What I have tried is to simulate data with the same correlational structure, calculate the product term, estimate, and repeat 1,000 times. In order to check the soundness of the approach, I have worked on an example to compare the results from the analysis of a dataset and from the corresponding correlation matrix. The results are inconsistent as you can see if you run the syntax below ('Step 2' section) and if you compare the results to those reported on the webpage which url is in the 'Step 1' section.

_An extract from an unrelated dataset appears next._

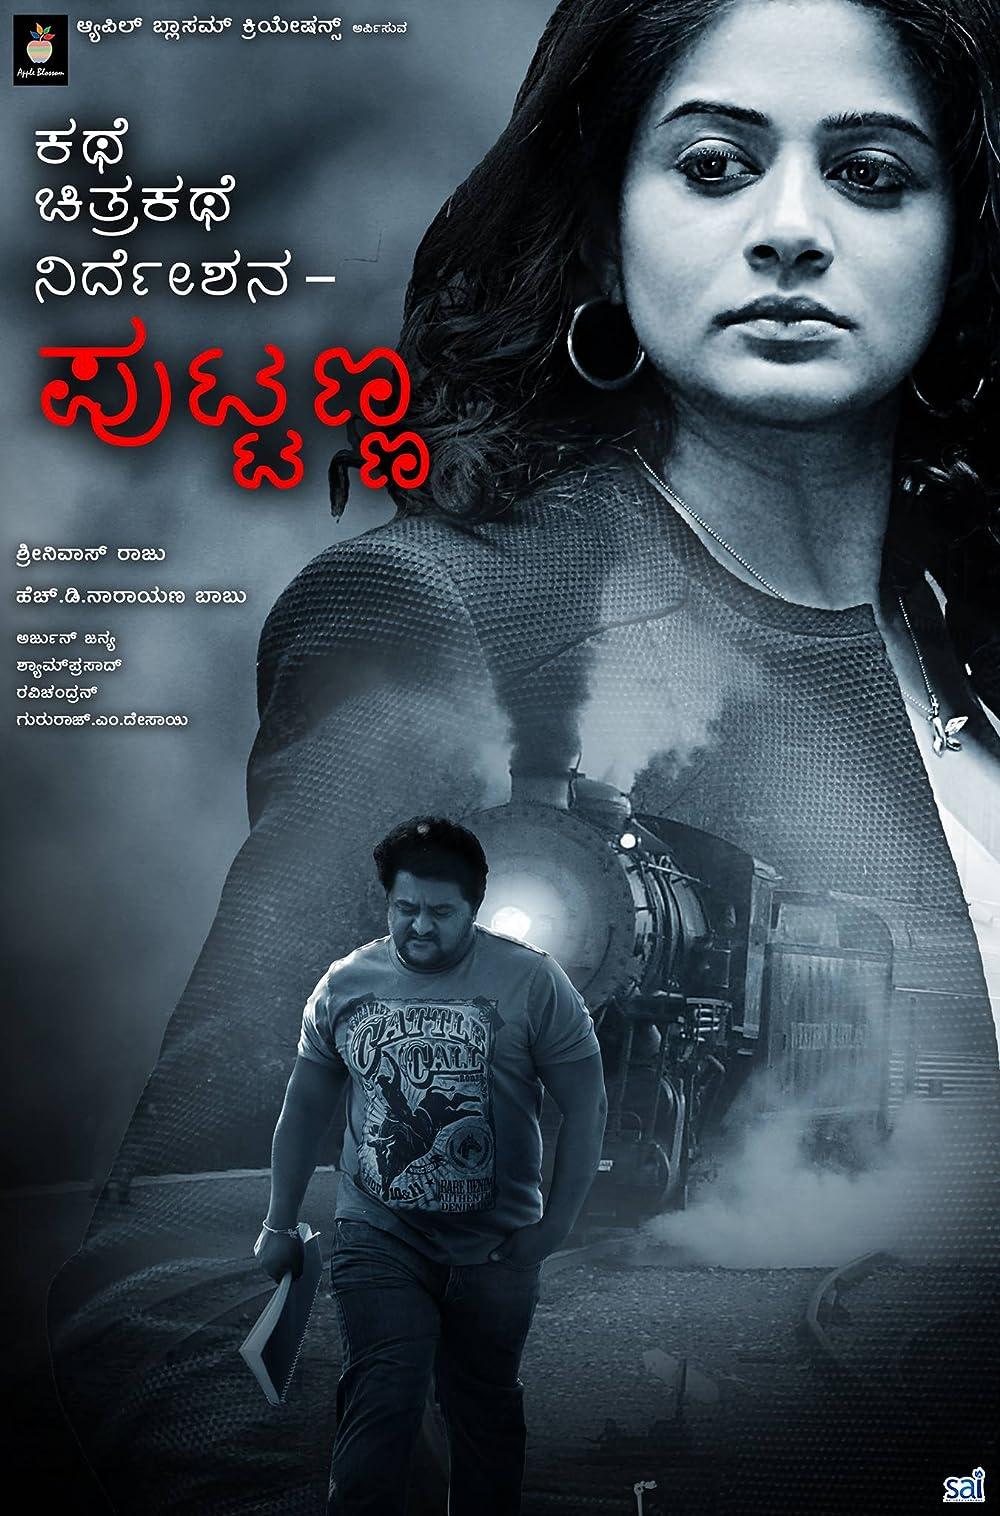 Bhagmati Returns (Kathe Chitrakathe Nirdeshana Puttanna) 2021 Hindi Dubbed 720p HDRip 900MB Download

Any idea what I am doing wrong? Is the entire approach wrong or can it be fixed? How?

Thanks,
Christophe

Code:

********************************
* Step 1: Working from dataset *
********************************

* A worked example is available here: https://stats.idre.ucla.edu/stata/faq/how-can-i-explain-a-continuous-by-continuous-interaction-stata-12/

* NB: cannot replicate because the dataset is no longer available at the mentioned url


*******************************************
* Step 2: Working from correlation matrix *
*******************************************


* Set up of the steps to be repeated for the simulation in a program
program myprogram, rclass
    * drop of all variables to create an empty dataset
    drop _all
    * creation of a vector that contains the equivalent of a lower triangular correlation matrix
    matrix c = (1, 0.5445, 1, 0.6215, 0.6623, 1)
    
    * drawing of a sample of 1000 cases from a normal distribution with specified correlation structure (by default, means = 0 and s.d. = 1)
    drawnorm X W Y, n(1000) corr(c) cstorage(lower)

    * X refers to 'socst'
    * W refers to 'math'
    * Y refers to read

    * model estimation
    quietly summarize W
    global m=r(mean)
    global s=r(sd)
    capture generate WX=W*X

    sem (X W WX -> Y), standardized nocapslatent level(90)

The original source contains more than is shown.